A recent wave of cyberattacks—from WannaCry and Equifax to the alleged Russian influence on the US election—has demonstrated how hackers can wreak havoc on our largest institutions. But by focusing only on hackers’ efforts to extort money or mess with our political process, we may have been missing what is potentially an even scarier possibility: data manipulation.
Imagine that a major Big Food company gets hacked. But this time, instead of leaking the company’s proprietary information to the public or freezing its systems with ransomware, the hackers subtly manipulate the data on which the company relies. Expiration dates on milk cartons get scrambled so that some are thrown away early while others make drinkers sick, despite appearing within their use-by date. Figures are tweaked slightly on pending invoices to vendors, altering the company’s balance sheets by hundreds of thousands of dollars. Small changes are made to food-safety tests so that a dangerous product that was failing suddenly looks like it is passing regulation tests.
Would the company even notice such changes happening? Could it still have the confidence that its backups were uncompromised? How could its investors accurately assess the company’s value when all of its financials might suddenly be based on faulty information? And how might its customers and suppliers respond?
Now apply this thought experiment to banks, medical institutions, and government organizations. It’s pretty scary.
Unlike “information-gathering” hacks (where data is stolen because it is valuable) or “hold hostage” attacks (when data is imprisoned until someone pays to release it), “manipulation hacks” are hard to detect: They result when individuals (or bots) illegally change vital information below the threshold of attention.
Take the recent Equifax breach as an example. A software engineer set up a fake website claiming to help customers—and even Equifax linked to the fake site. The site’s contents made clear it was not real (the purpose was to expose how easy it was to “phish”), but Equifax fell for cybersecurity’s equivalent of fake news, and it took 200,000 clicks before the company noticed.
In the most extreme cases, such hacks could have deadly consequences. A paper in the New England Journal of Medicine recently reported on the risks of data breaches in health systems, noting that a hacker could in theory change a single data point, such as the level of potassium in a patient’s blood, leading caregivers to provide incorrect and potentially lethal treatments. Given that medical errors are now the third leading cause of death in the US, there is plenty of reason to worry.

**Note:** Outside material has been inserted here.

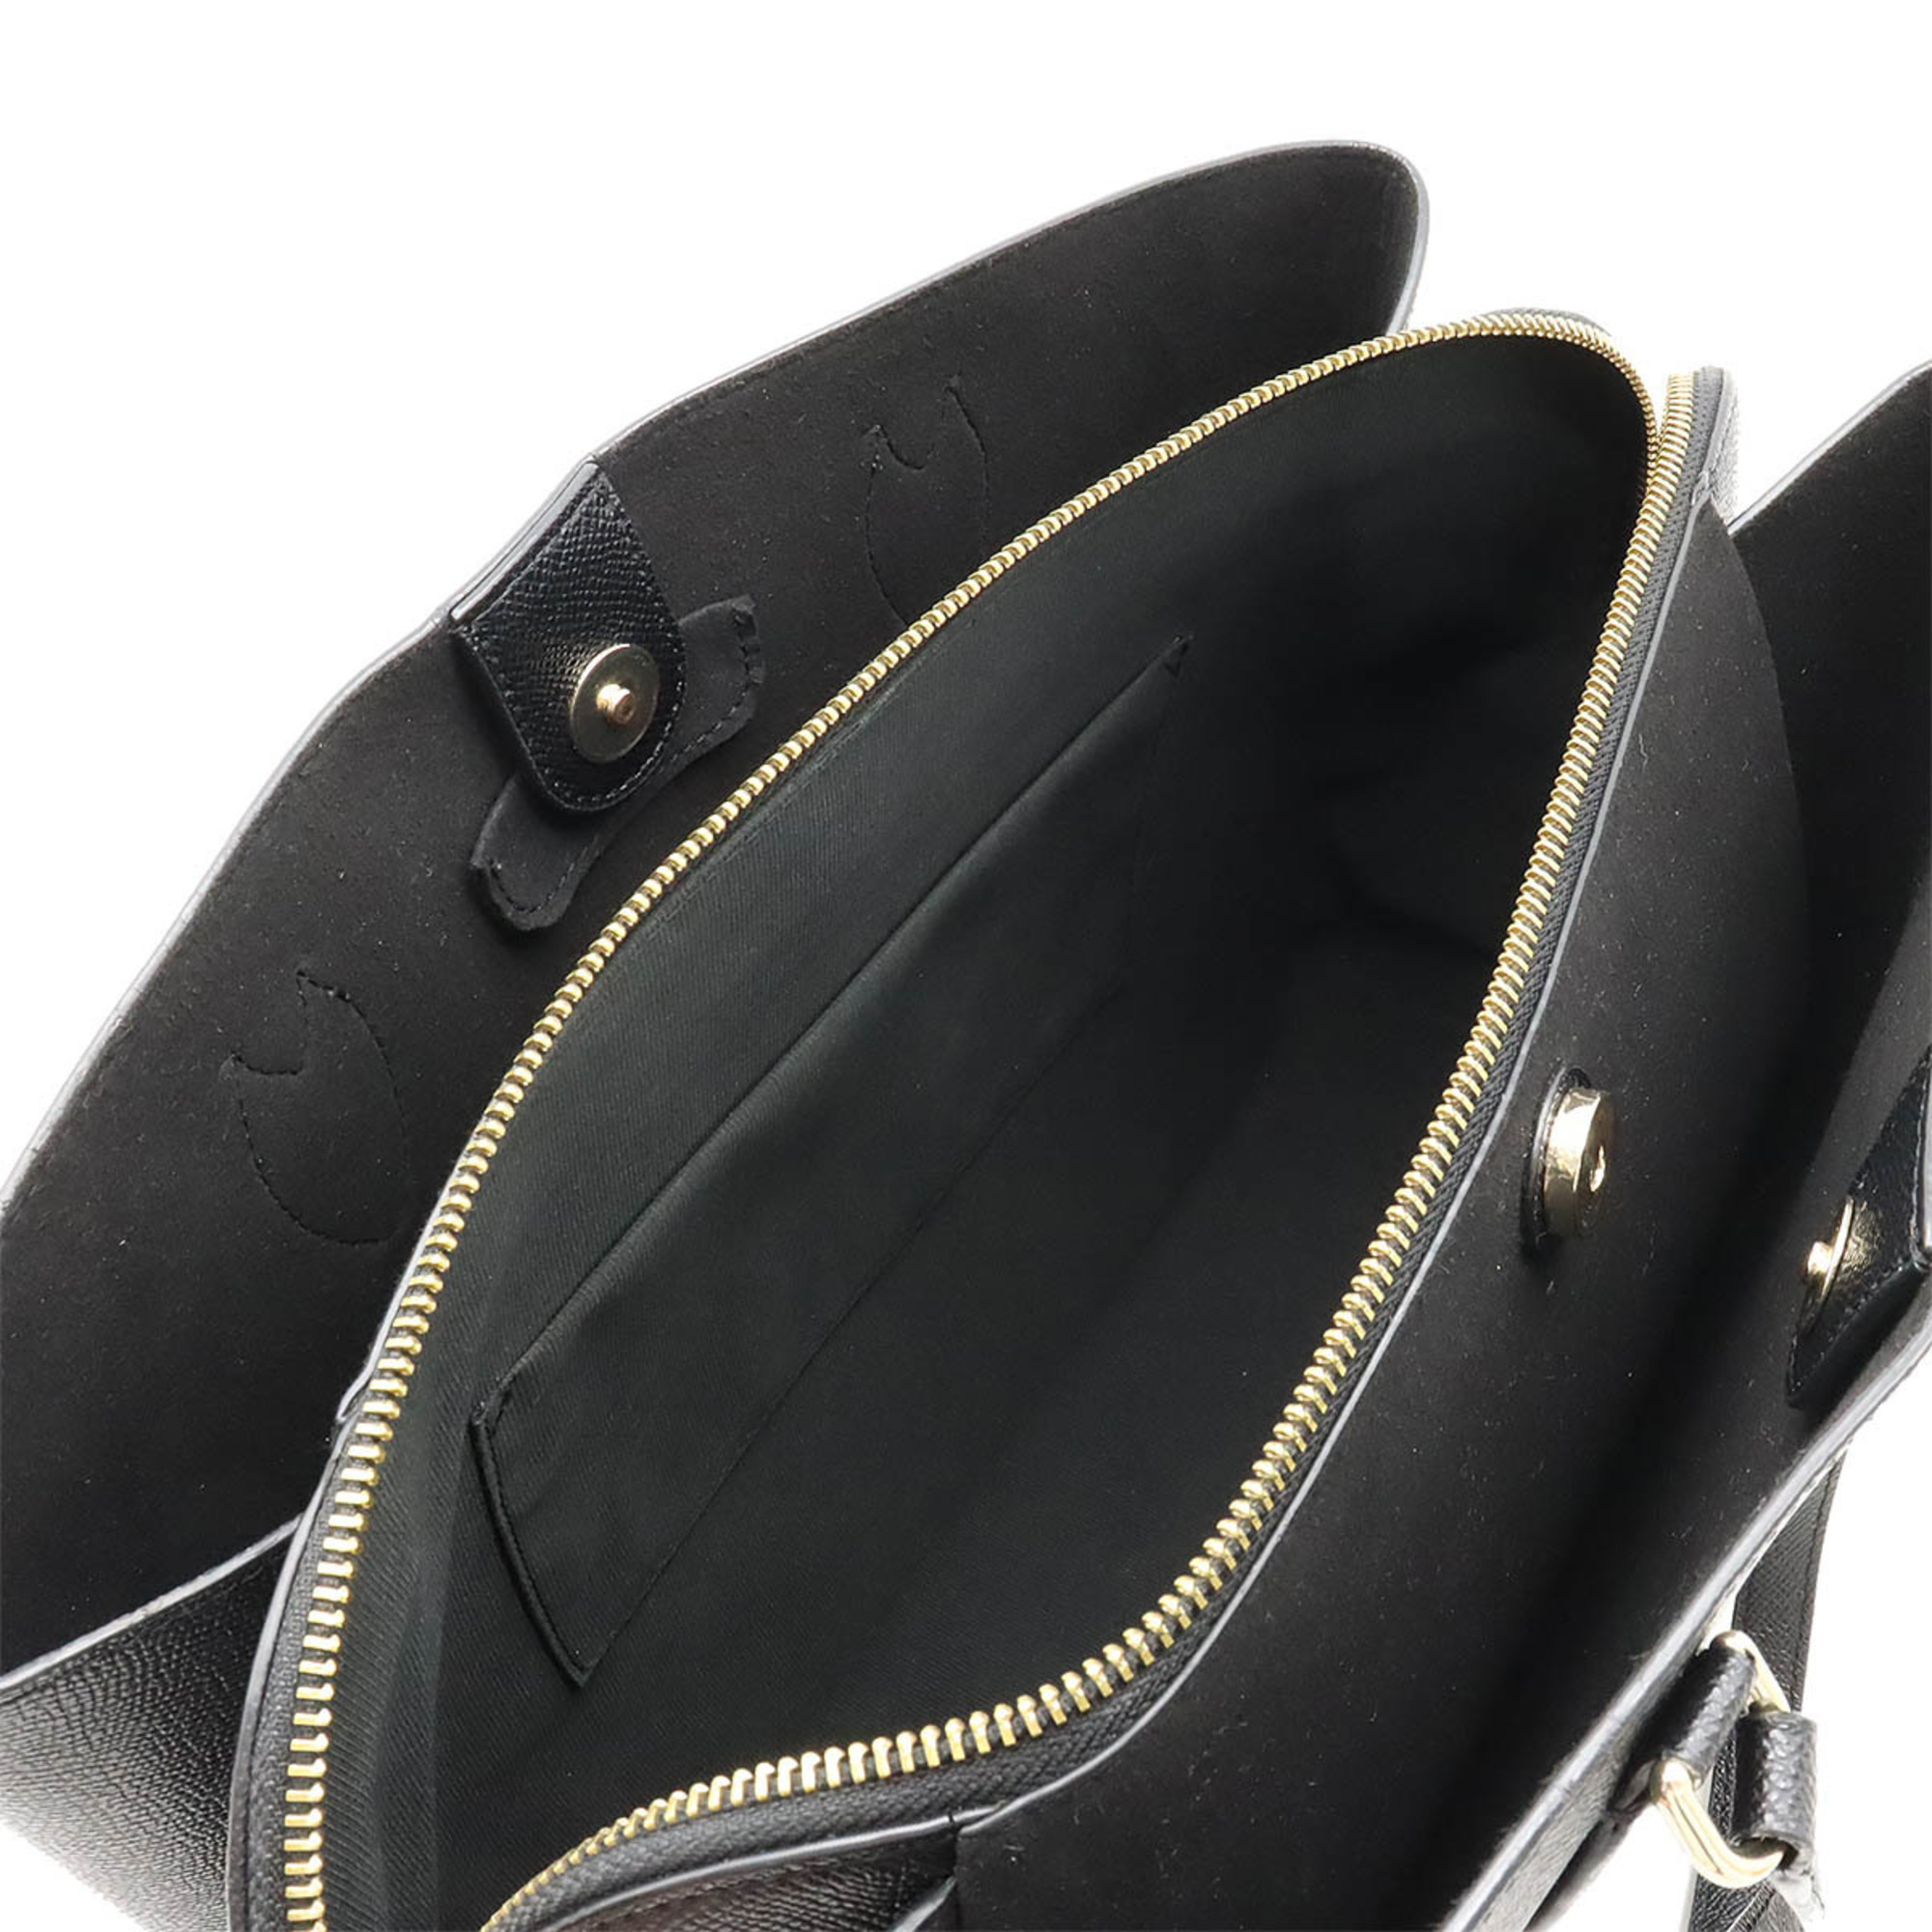 FURLA Tote bag leather black

More broadly, data manipulation breeds uncertainty. When a hacker’s goal is to leak stolen information or hold data for ransom, their success depends on their ability to prove the information they hold is real. But with data manipulation, the goal is to call the underlying information into question. And uncertainty is its own weapon. Ten years ago, an announcement by the banking group BNP set the 2007 financial crisis in motion because they said they didn’t know what securities linked to subprime mortgages were worth. In today’s data-driven markets, the consequences of uncertainty for the financial industry might be far greater.
Admittedly, data-manipulation hacks are not as easily monetizable as ransomware, nor do they produce as much buzz as the public release of sensitive data. But that doesn’t mean they can’t have serious financial repercussions. When hackers took over the Associated Press’s Twitter account in 2013, a few fake tweets about a terrorist attack caused the stock market to take a nosedive. A future attack could call the quarterly earnings of a publicly traded company into question, and benefit from the postponement of that company’s earnings call.
There are also deep-seated political implications to data manipulation. The data on the servers of state election boards are an obvious target; in at least one US county in 2016, a hacker manipulated the voter data, though the issue was corrected before the election actually occurred.
Because of the opportunity that data manipulation provides, we need to take simple steps now before this kind of hack becomes more common. First, we need to design systems that are carefully watching for manipulation: Hard or offline backups are essential, and data holders should develop systems to regularly compare live versions of their data to their backups. (According to Osterman Research, most companies don’t do this continuously, and some don’t do it at all.)
We also need better database oversight, such as systems designed to identify precisely when data has been manipulated. For example, in the art industry, collectors use provenance documents to verify who has owned an artwork and how it has changed over time. Perhaps a similar system to verify the provenance of data could help us tell when a data manipulation hack has occurred.
But there’s is a small silver lining: One of the easiest ways for organizations to defend against hackers is to beat them at their own game. When infiltrators can’t tell what data is real, they won’t know what actually might be of value. Emmanuel Macron’s French presidential campaign, for instance, purportedly distracted hackers with fake data, which limited the effectiveness of campaign hacks as a result.
Perhaps this really is an instance where fire(wall) can be fought with fire(wall).